You’ll be able to allow DAGs by making them energetic and testing them individually. Upon activation, an extra CSV file named count_death_{COUNTRY_CODE}.csv is generated within the dags folder.

Cleansing up

There could also be prices related to utilizing the assorted AWS companies mentioned on this submit. To stop incurring future costs, delete the Amazon MWAA atmosphere after you might have accomplished the duties outlined on this submit, and empty and delete the S3 bucket.

Conclusion

On this weblog submit we demonstrated how one can use the dag-factory library to create dynamic DAGs.

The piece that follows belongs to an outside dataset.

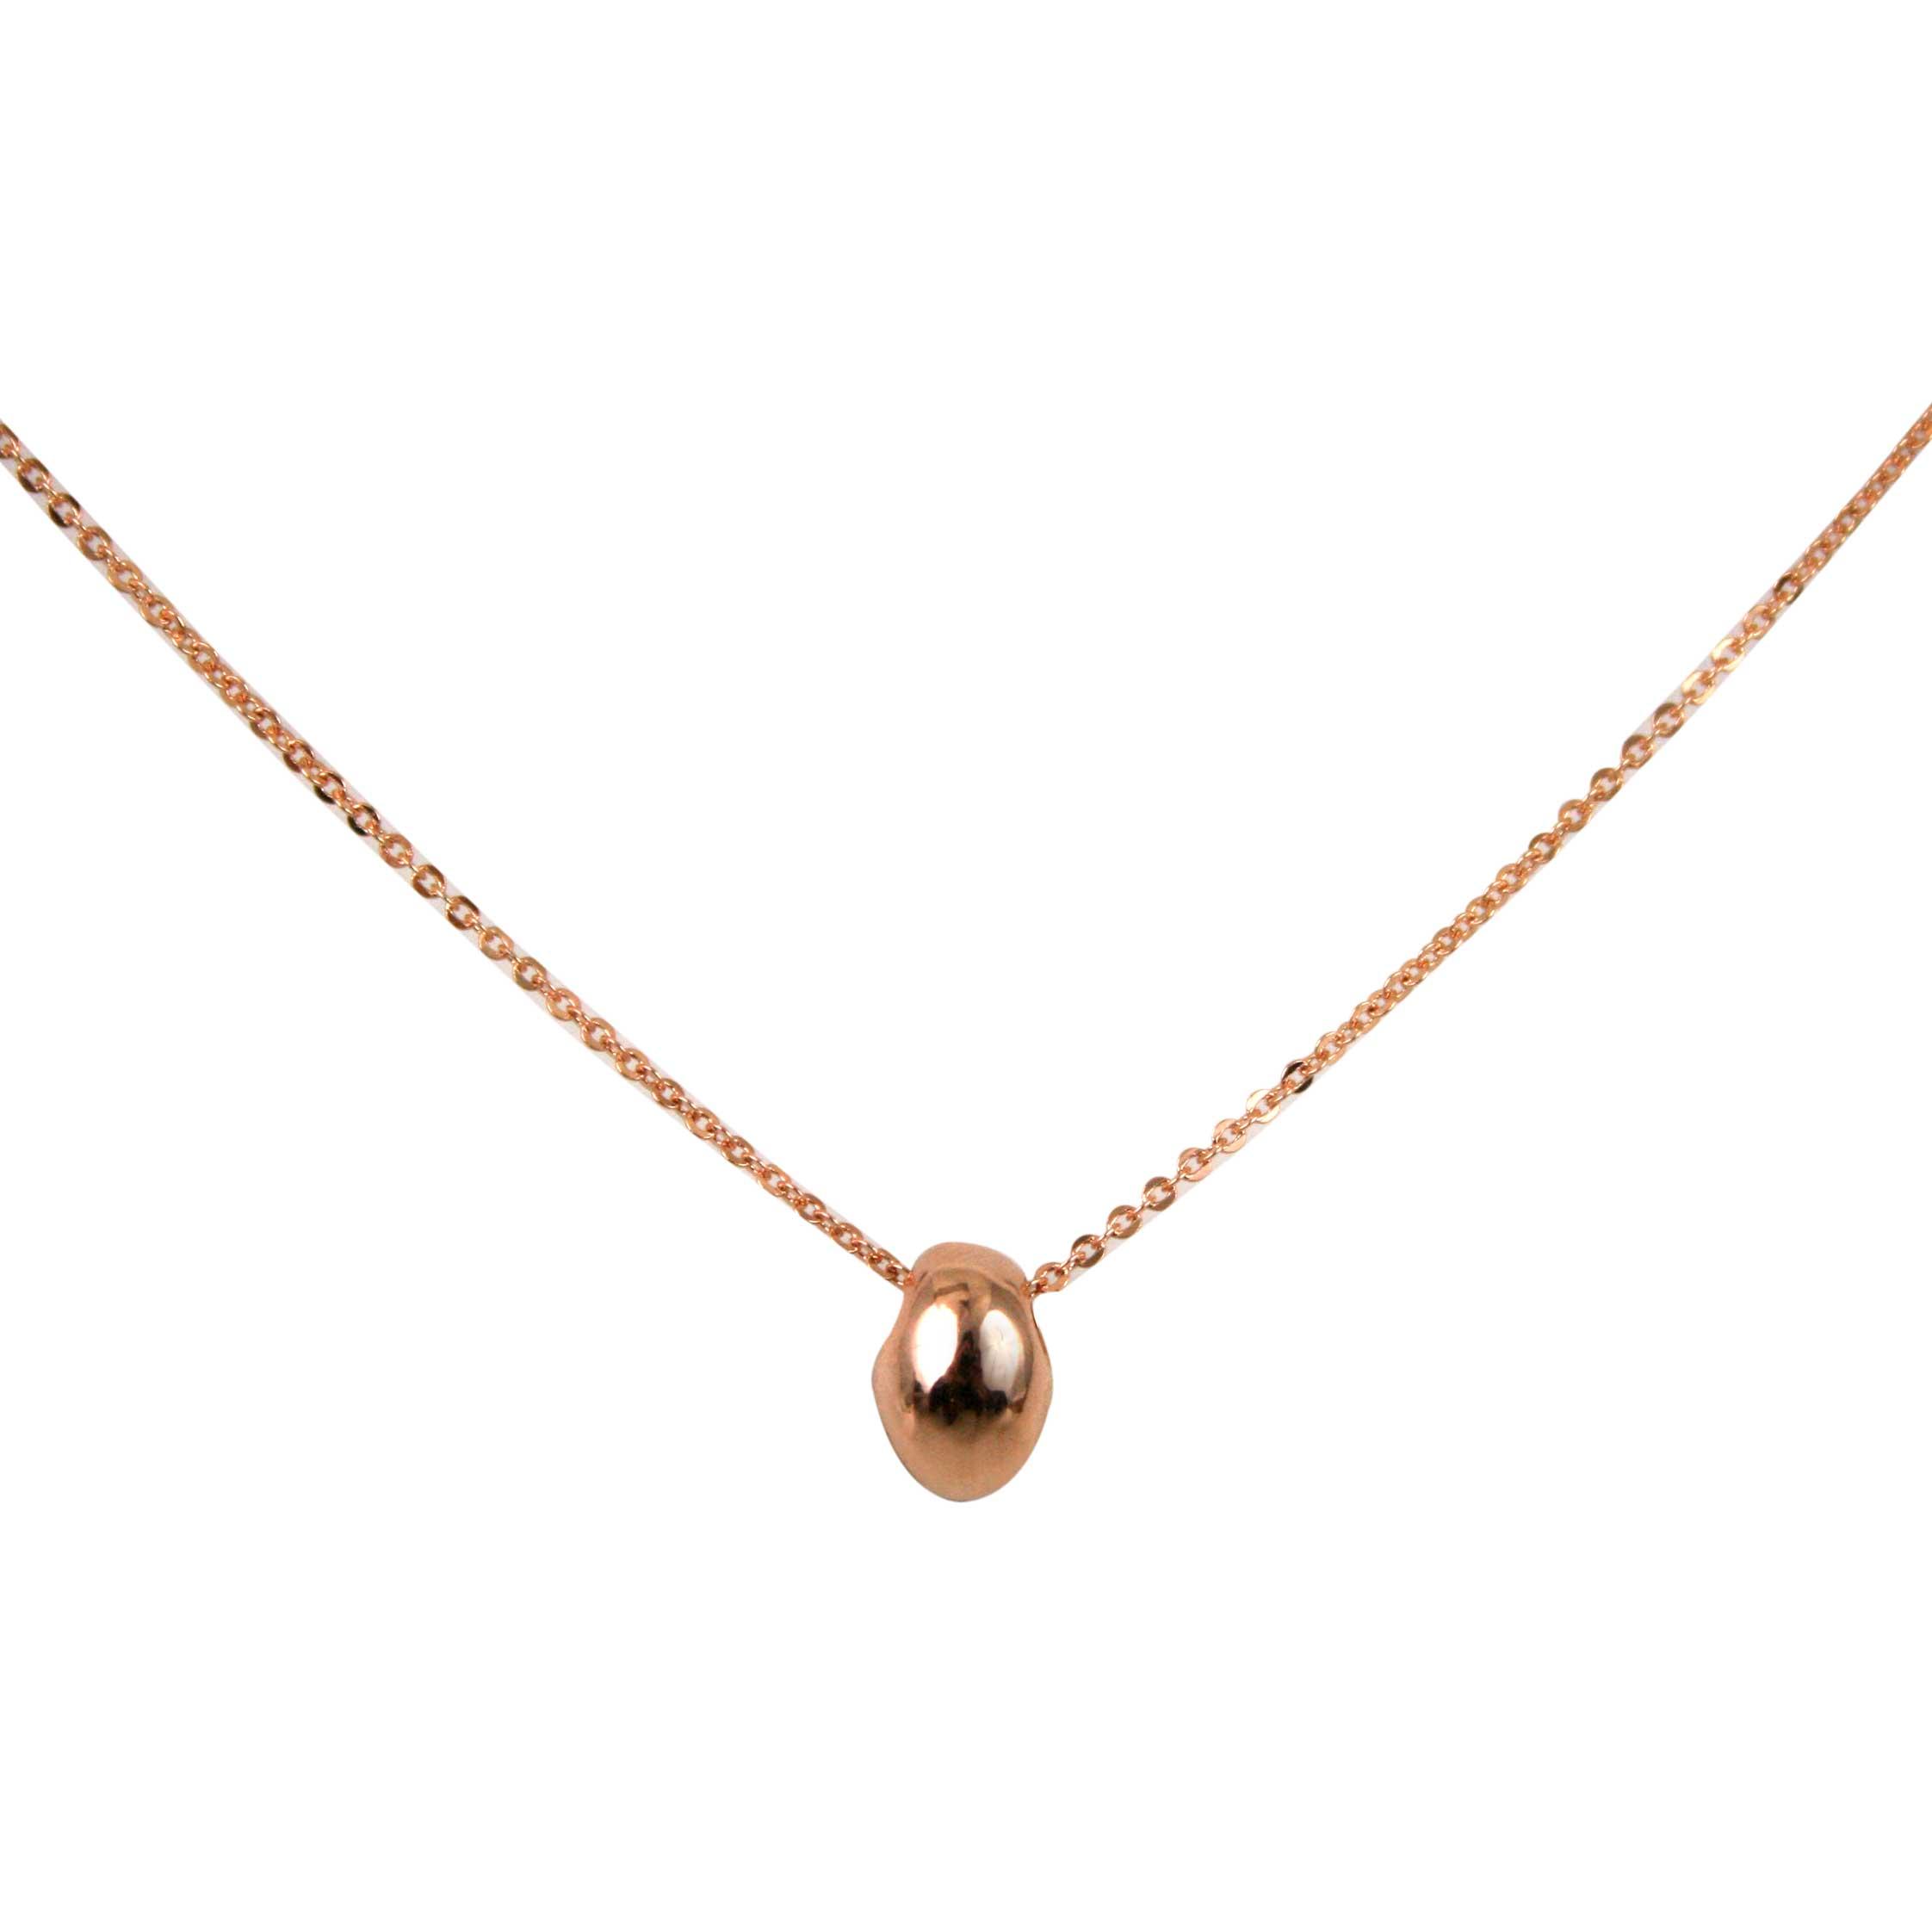 Bella bean pendant
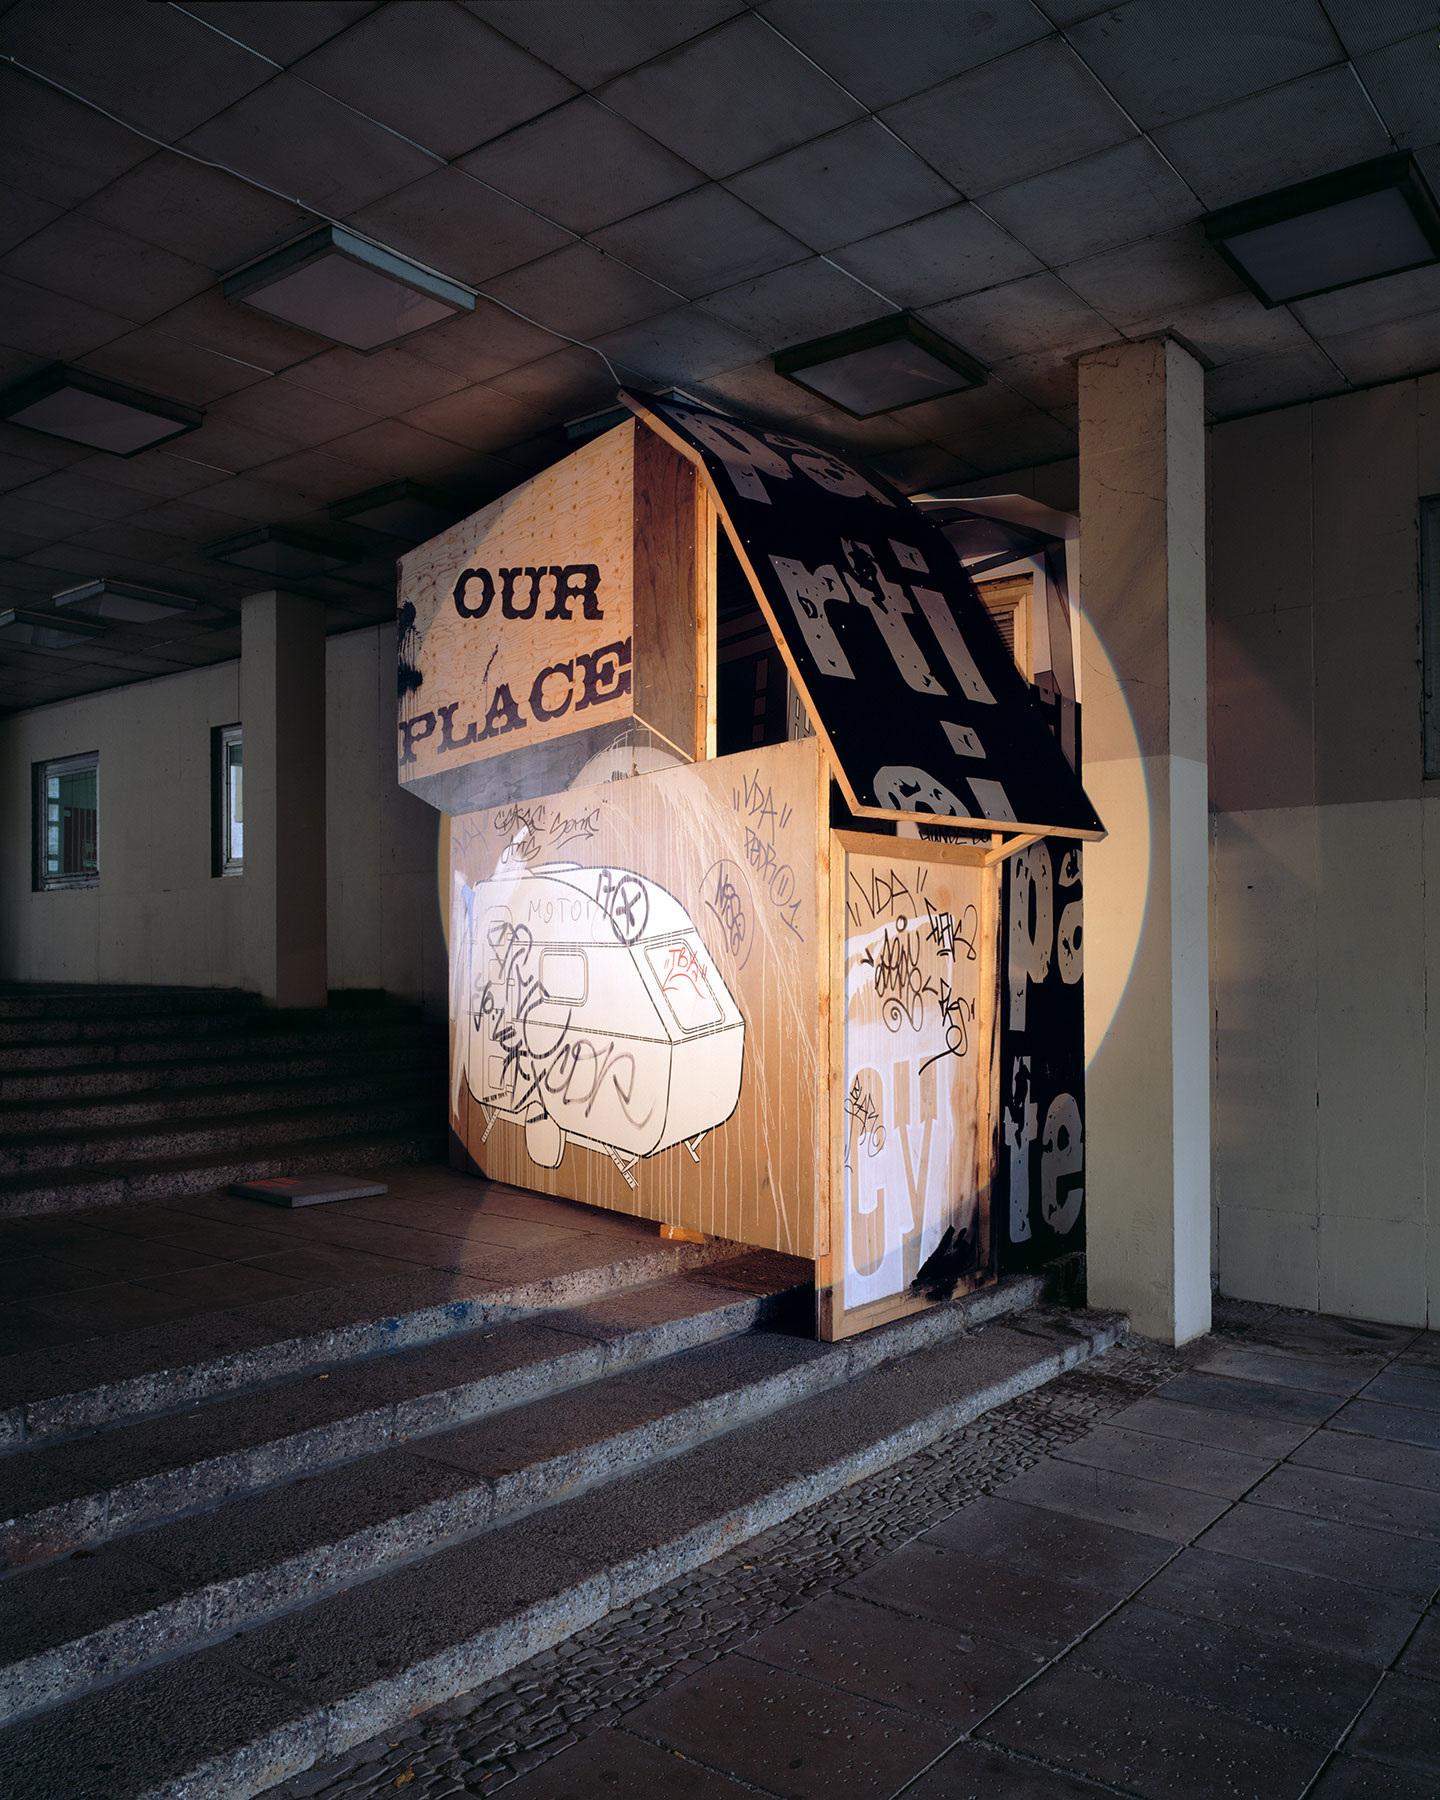 Brahm_Daniela_Recycling-Utopia_2006_15

Dynamic DAGs are characterised by their means to generate outcomes with every parsing of the DAG file primarily based on configurations. Think about using dynamic DAGs within the following situations:

  • Automating migration from a legacy system to Airflow, the place flexibility in DAG era is essential
  • Conditions the place solely a parameter modifications between completely different DAGs, streamlining the workflow administration course of
  • Managing DAGs which can be reliant on the evolving construction of a supply system, offering adaptability to modifications
  • Establishing standardized practices for DAGs throughout your workforce or group by creating these blueprints, selling consistency and effectivity
  • Embracing YAML-based declarations over complicated Python coding, simplifying DAG configuration and upkeep processes
  • Creating information pushed workflows that adapt and evolve primarily based on the info inputs, enabling environment friendly automation

By incorporating dynamic DAGs into your workflow, you may improve automation, adaptability, and standardization, finally bettering the effectivity and effectiveness of your information pipeline administration.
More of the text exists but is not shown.